BEIJING, April 28 (Reuters) - China's Sinopec Corp expects demand for refined oil products to recover in the second quarter as COVID-19 outbreaks in the country are gradually controlled, and sees full year oil consumption reaching positive growth.

Asia's biggest oil refiner has cut its refining runs since the second half of March and is maintaining an "optimal" refinery operation ratio of around 85%, compared with 92.6% earlier in the year, Sinopec officials said at a briefing on Thursday.

Cities across China, including the financial hub of Shanghai, were put under lockdowns following a flare up of COVID-19 cases, leading to road freight clogs and port congestion.

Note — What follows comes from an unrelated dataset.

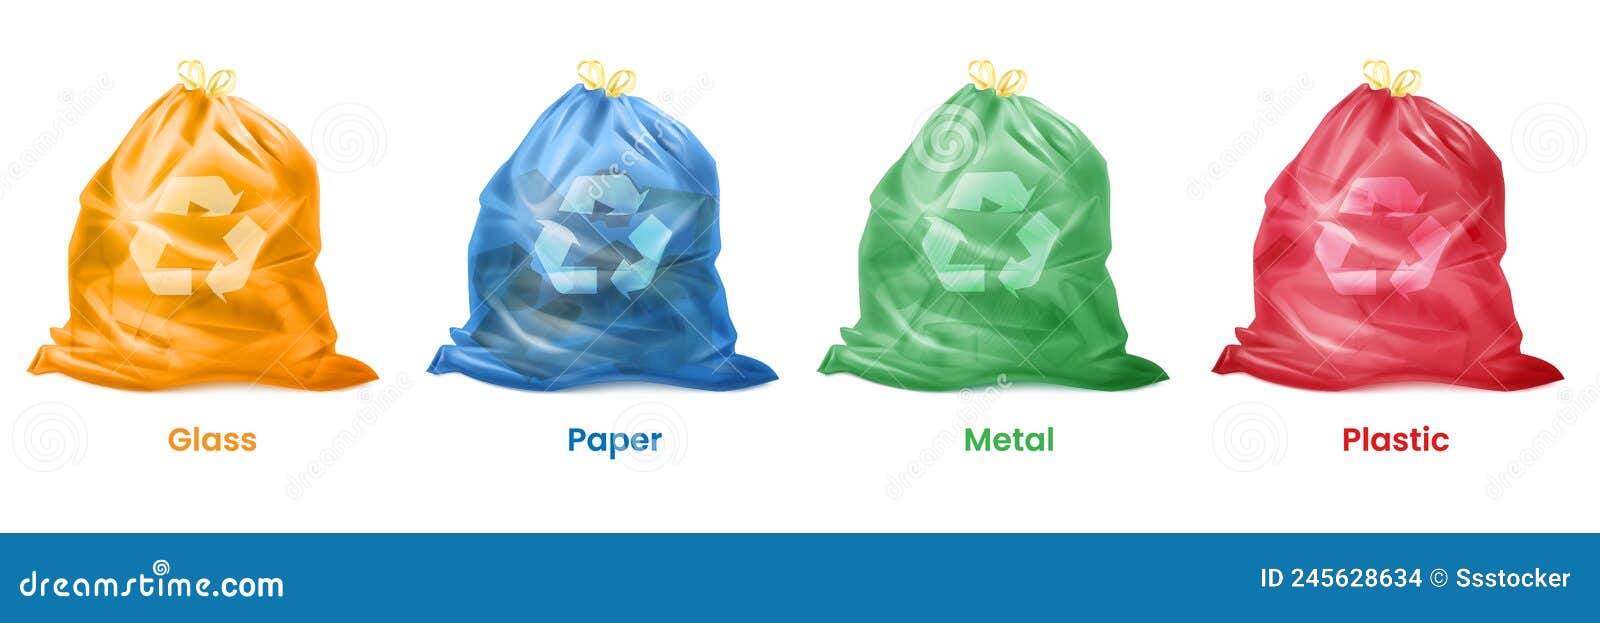 realistic separate trash. 3d plastic sacks waste bag for util kitchen garbage, utility separators eco collect recycle
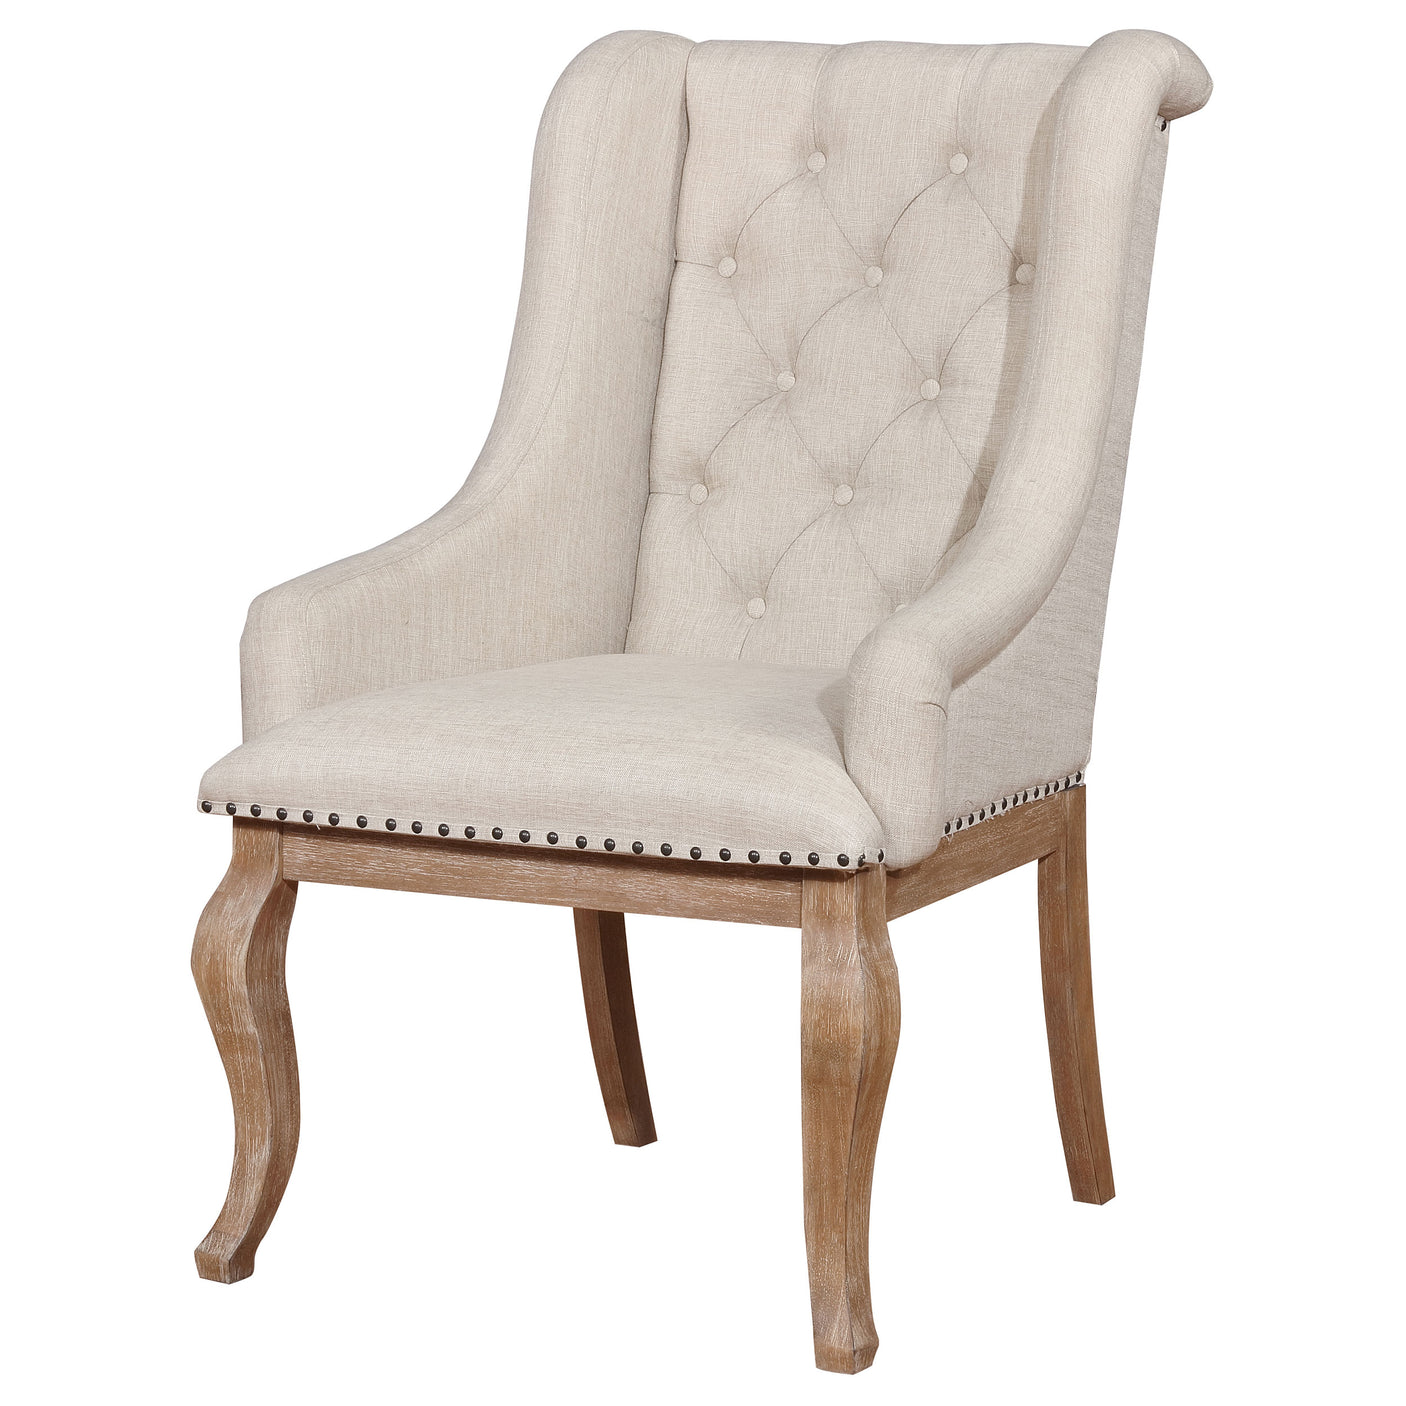 Arm Chair - Brockway Tufted Arm Chairs Cream and Barley Brown (Set of 2)

"The anti-COVID measures have restrained consumption of refined oil products. But we expect oil demand to gradually resume in the second quarter with the pandemic outbreak under control," said Li Li, deputy head of Sinopec's operation management department.

"At this moment, we are confident about the 2022 fuel consumption in China...Even if the recovery in the second quarter is moderate, the full year growth will remain positive."

Sinopec also expects its total liquefied natural gas (LNG) imports to stay steady in 2022.

The firm incurred a loss of 1.6 billion yuan ($243.58 million) from its 4.8 million tonnes of LNG imports in the first quarter, 1.2 billion yuan more than a year earlier due to high import costs.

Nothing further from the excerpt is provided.